I’ve been reading Dave Winer more closely the last few months, and through him and other folks I read/have corresponded with, I’m seeing a trend of blogs speeding change and standardization – the target is blogs, but it is spilling over to other areas.

Was that obtuse enough? Some examples:

  • I don’t know – and don’t much care – about which of RSS or blogs came first, but blogs are the first place I have really seen RSS take hold. And now these feeds are popping up in places like news.com and other non-blog sites. It’s getting fairly commonplace on tech sites (understandable), but if it’s not a fad it will bleed into the regular Web news sites and then beyond. That’s good.
  • There was an article Dave pointed to today that talked about RSS-to-iPod (Apple’s) software. As other sites – such as CNN – begin to deploy RSS, suddenly your iPod carries CNN headlines. We are reaching that convergence point, and it’s because of blogs…indirectly.
  • The whole concept of journalists posting ALL notes/full transcript of interviews etc on their blogs (sanctioned/required or not by news outfit) may drive things to the point where journalists blog interviews with foreign leaders just like the gang at Boing Boing blog tech conferences. How cool would that be?
  • There seems to be a very strong open-source developer community behind blogs, and a lot of impressive folks (Dave W., Ray Ozzie etc) are putting code or concepts out there; the community responds, BANG! Better software (or, at least, a VERY short “vaporware” interval).

This – to me – is an interesting sidebar to the whole blogsplosion.

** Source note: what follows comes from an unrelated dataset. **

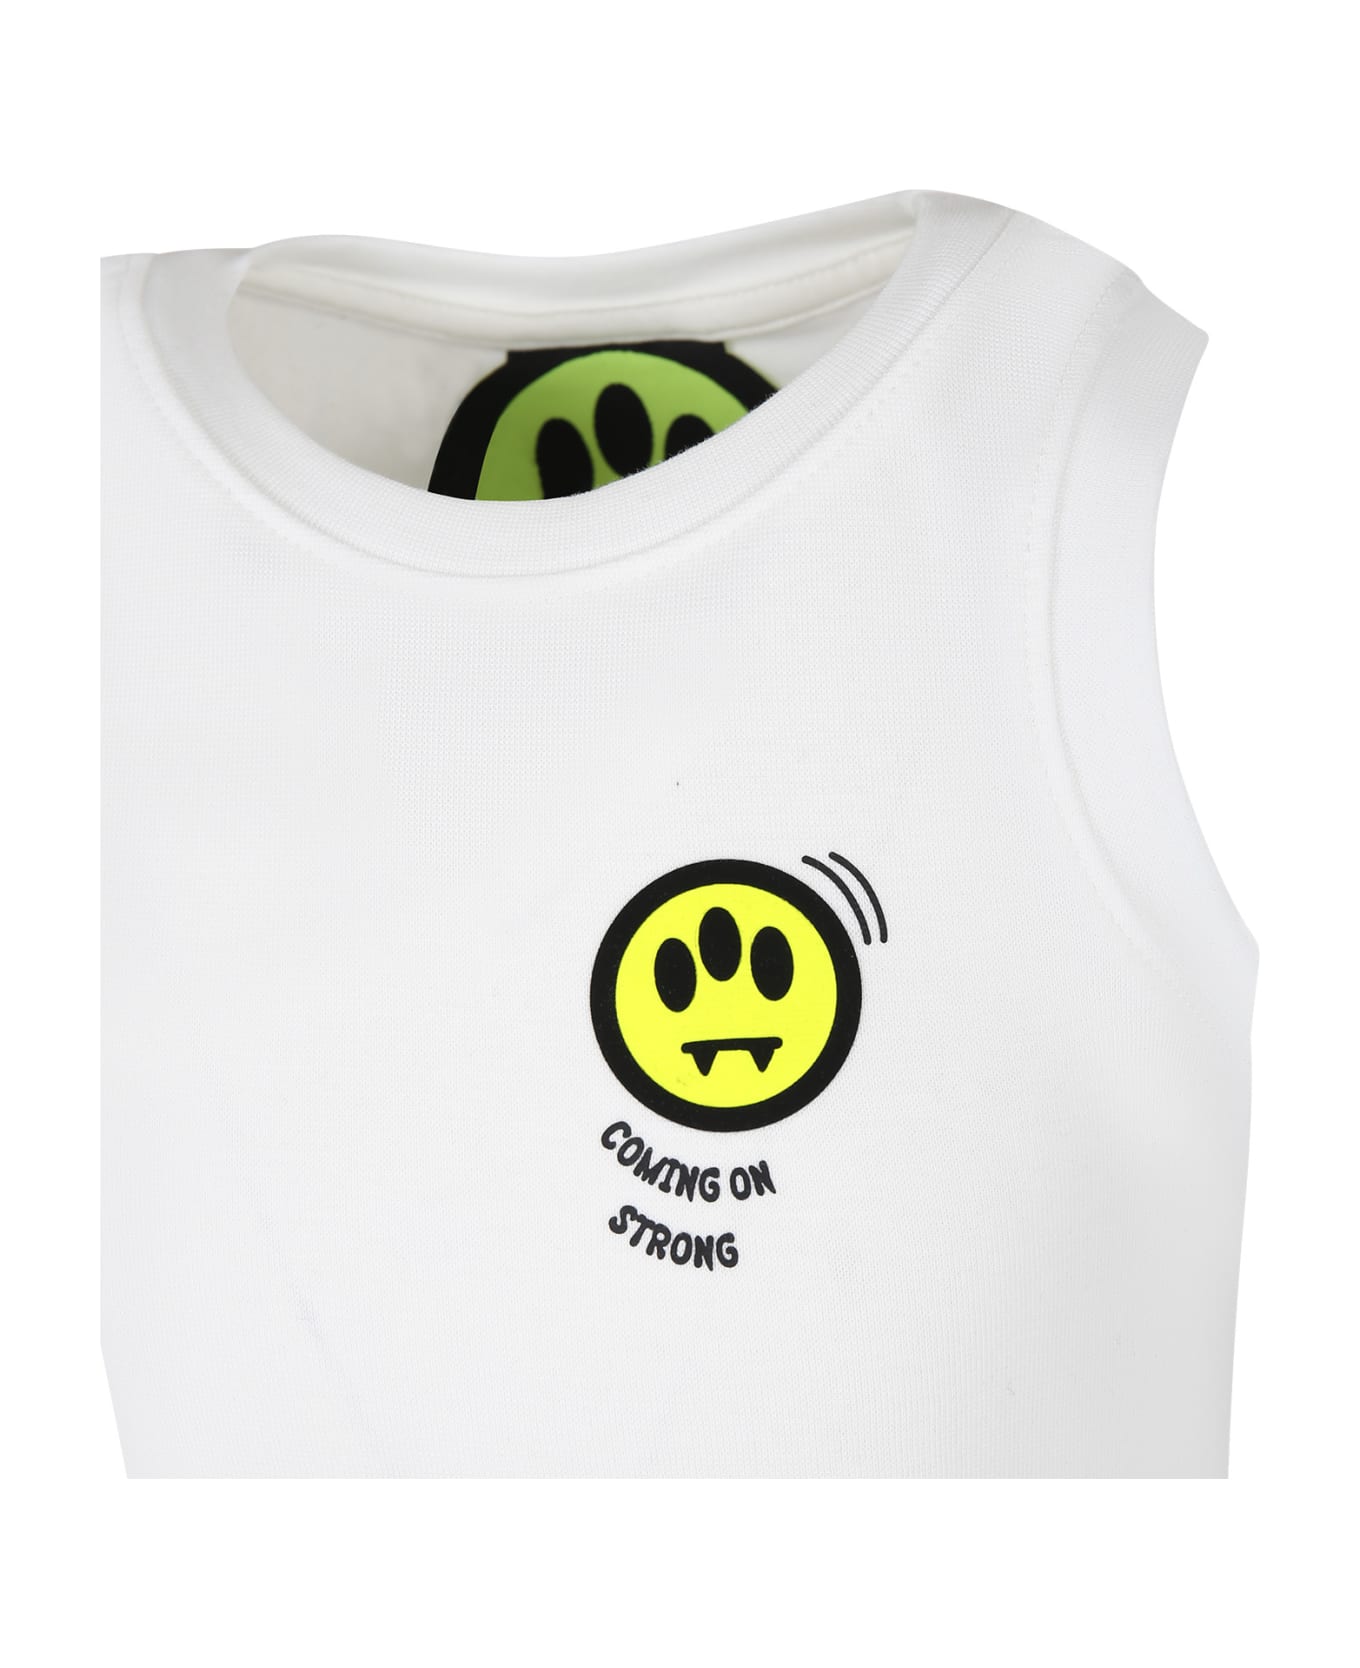 Barrow White Tank Top For Girl With Logo - White Tシャツ＆ポロシャツ

Worth noting; worth watching.

As I said sometime earlier, no one is really sure what the whole blog thing will lead to (if anything); it may stay the same or change considerably.

What I didn’t consider was it’s impact on those around and in it.

Me likes.

Power-grid broadband

I read an article a few days ago on ZDNET about the FCC giving at least preliminary approval to powerline-based broadband Net connections.

Interesting, but while this may make broadband more accessible (especially in outlying areas — excellent for remote areas), there are other potential ramifications to this type of Internet distribution that I have not seen addressed:

  • Who gets to do that actual providing of access? Sure, the powerline becomes the pipe, but there has to be an ISP (even if it turns out to be the power company) somewhere to peer into the network backbone, give e-mail addresses etc.
  • Speaking of peering, how will this work? Will the power lines become part of Intenet, or walled off and it’s just like a giant T1 line that goes just to that company’s lines.
  • Power surges?

Actually, at first I was worried about home networking — if every plug is an Internet connection, why would Linksys be needed except for firewall? — but it still requires a modem (the size of a deck of cards, the article says).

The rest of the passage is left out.